Exercise data
· · · · ·
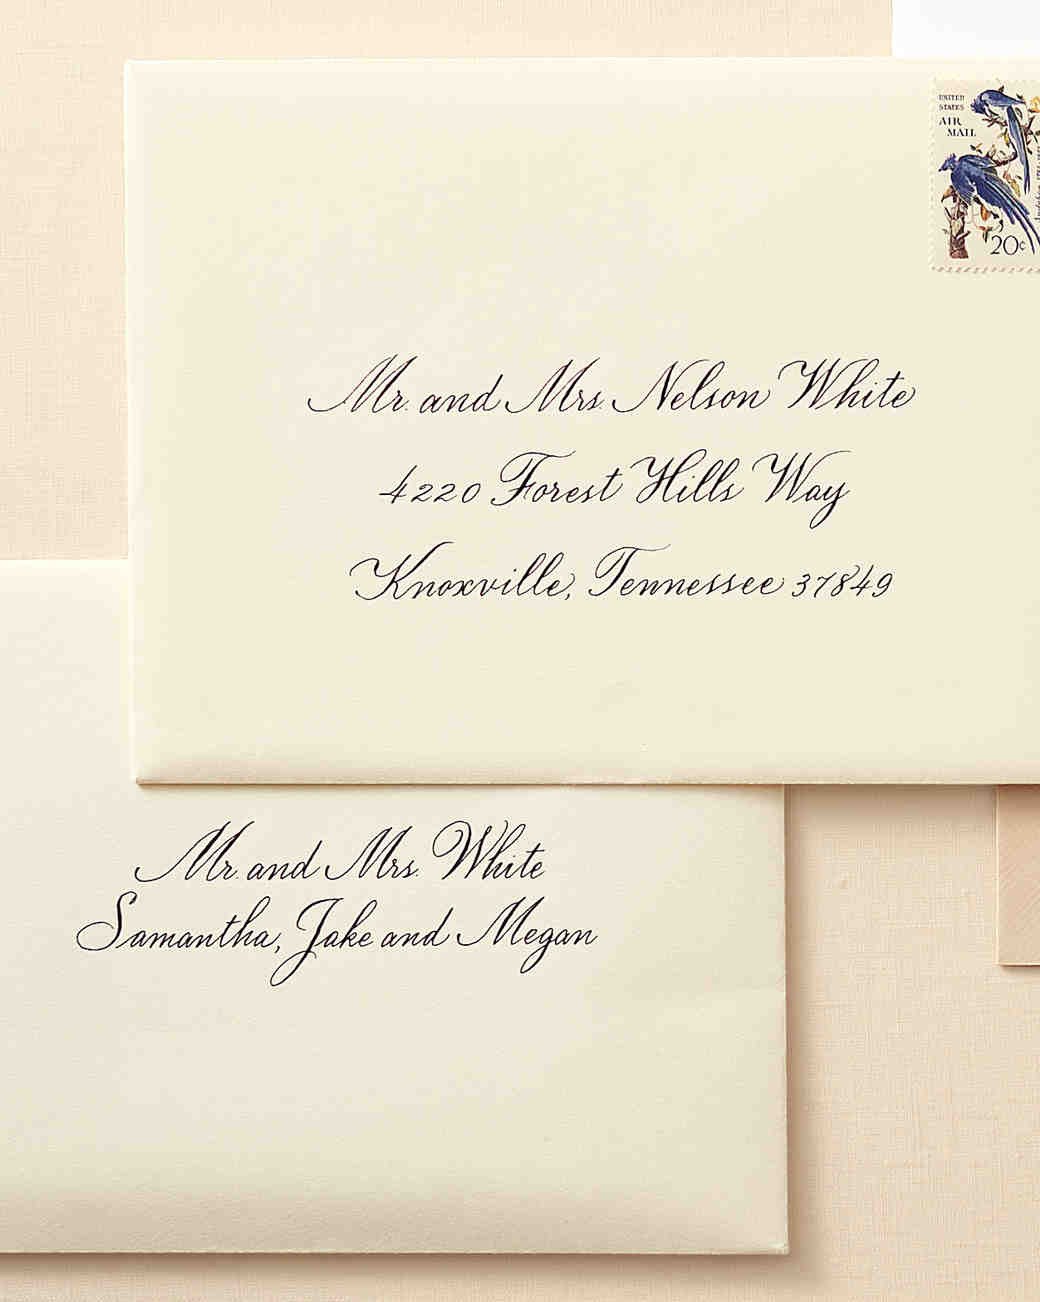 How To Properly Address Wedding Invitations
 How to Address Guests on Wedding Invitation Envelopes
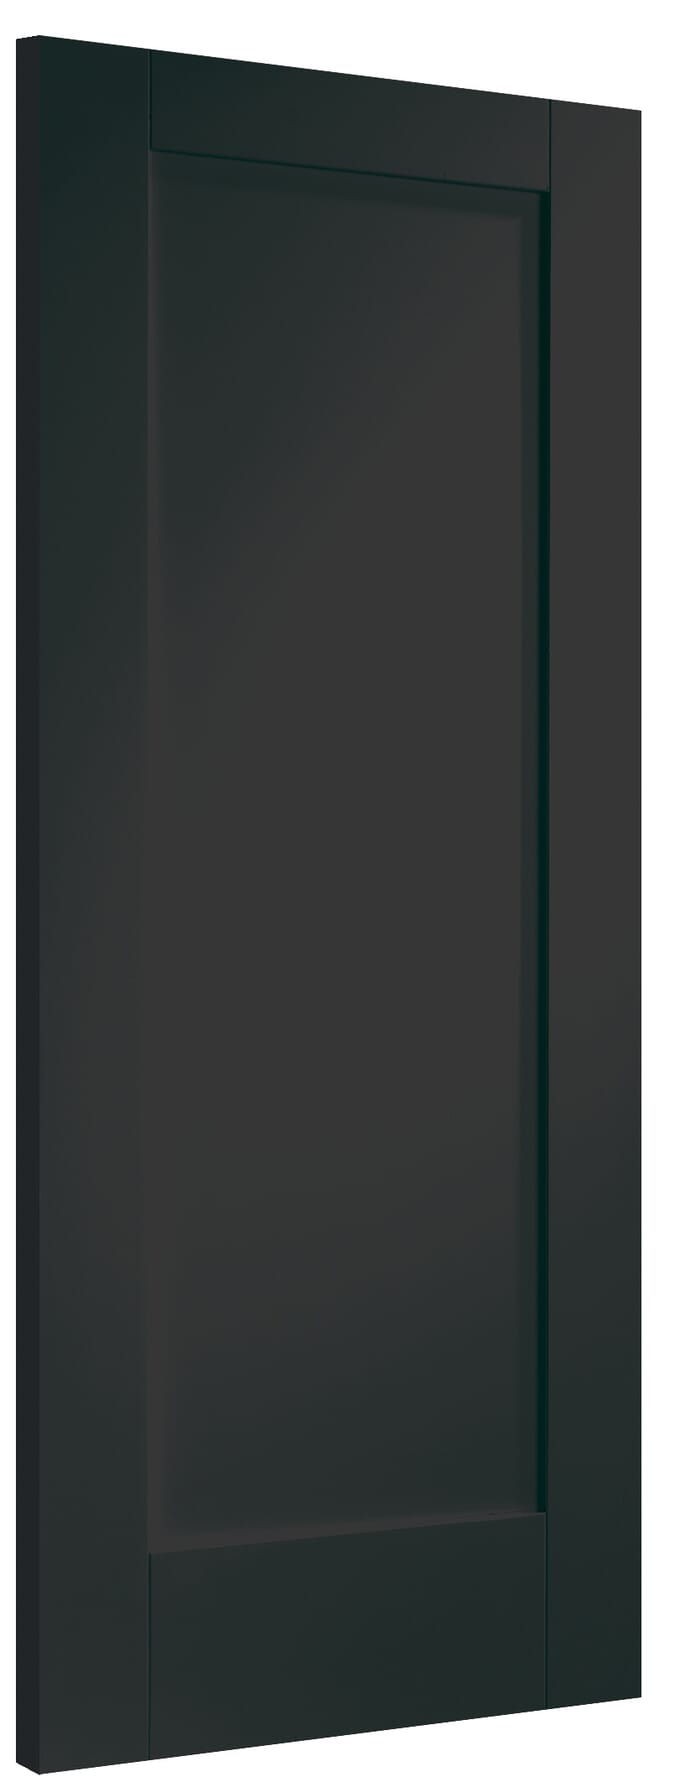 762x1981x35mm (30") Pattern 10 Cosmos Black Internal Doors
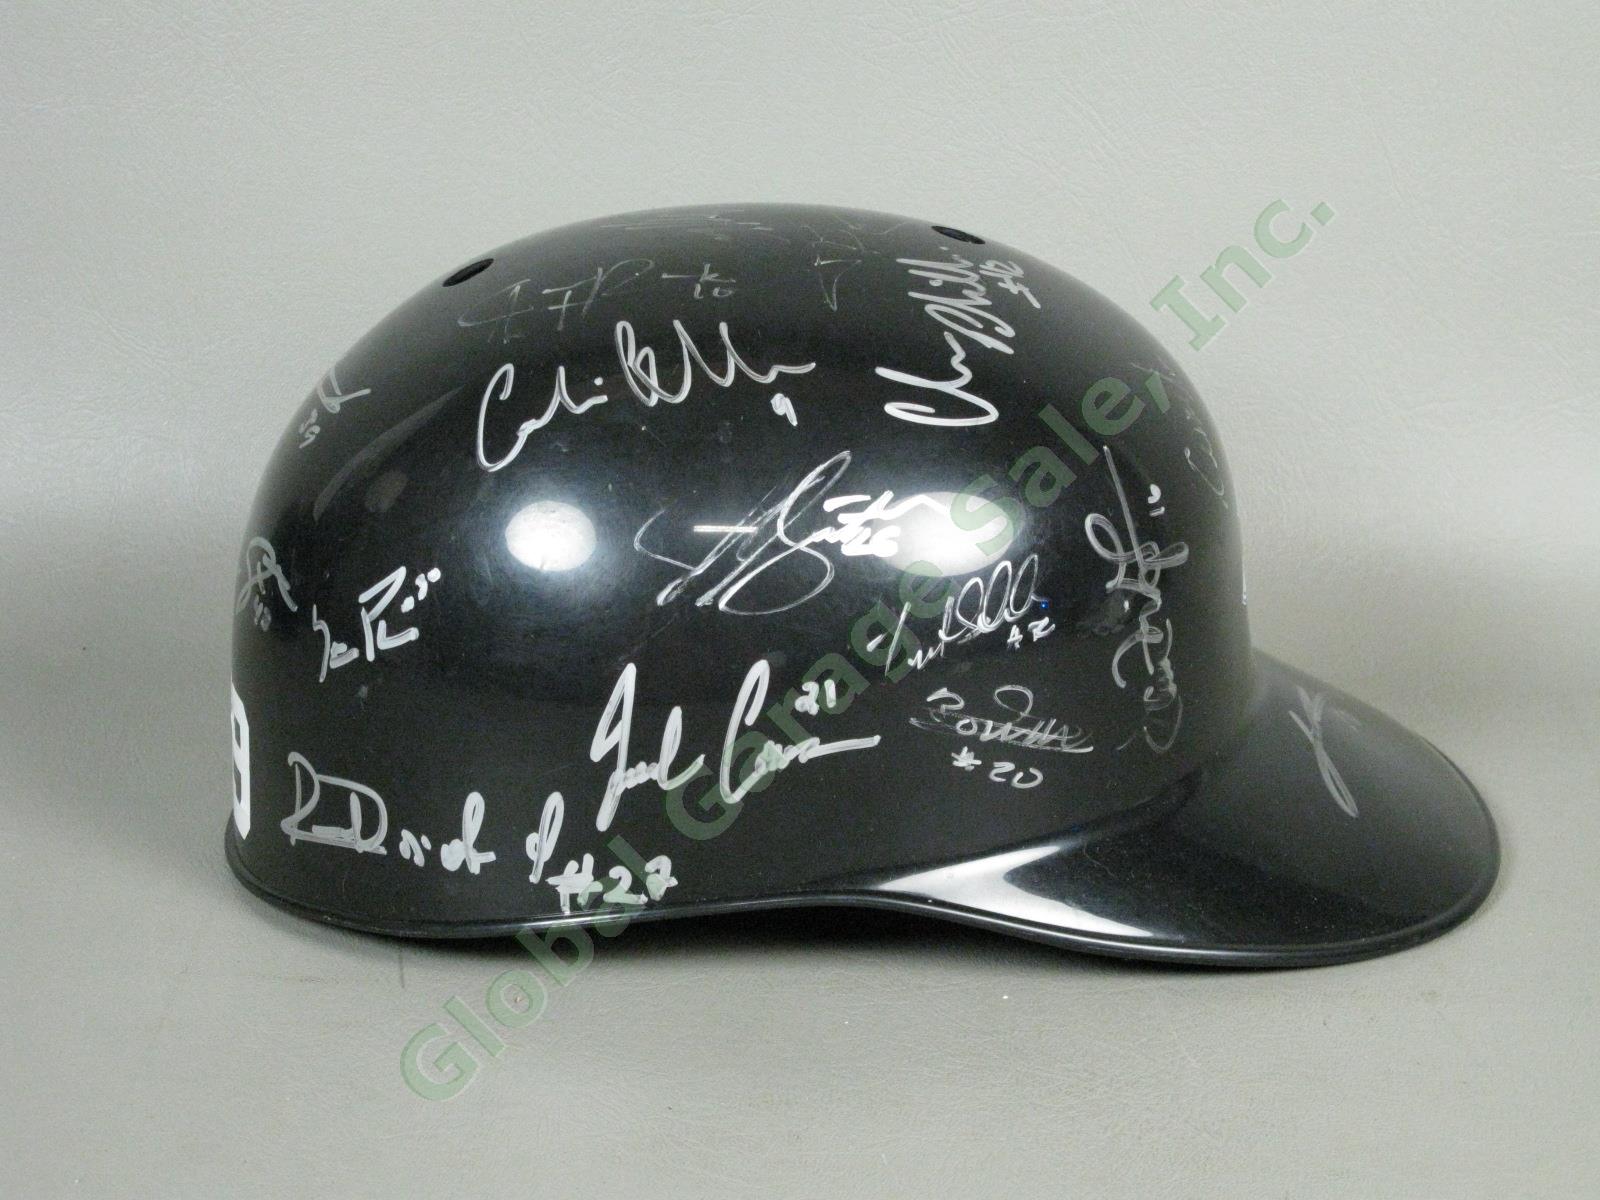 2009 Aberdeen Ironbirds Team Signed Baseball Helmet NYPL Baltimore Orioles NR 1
· · · · ·
Requirement
Print each line from the one containing "How to Address" through the last line of the listing, both included, exactly and with no pictures.

Result below
 How to Address Guests on Wedding Invitation Envelopes
 762x1981x35mm (30") Pattern 10 Cosmos Black Internal Doors
 2009 Aberdeen Ironbirds Team Signed Baseball Helmet NYPL Baltimore Orioles NR 1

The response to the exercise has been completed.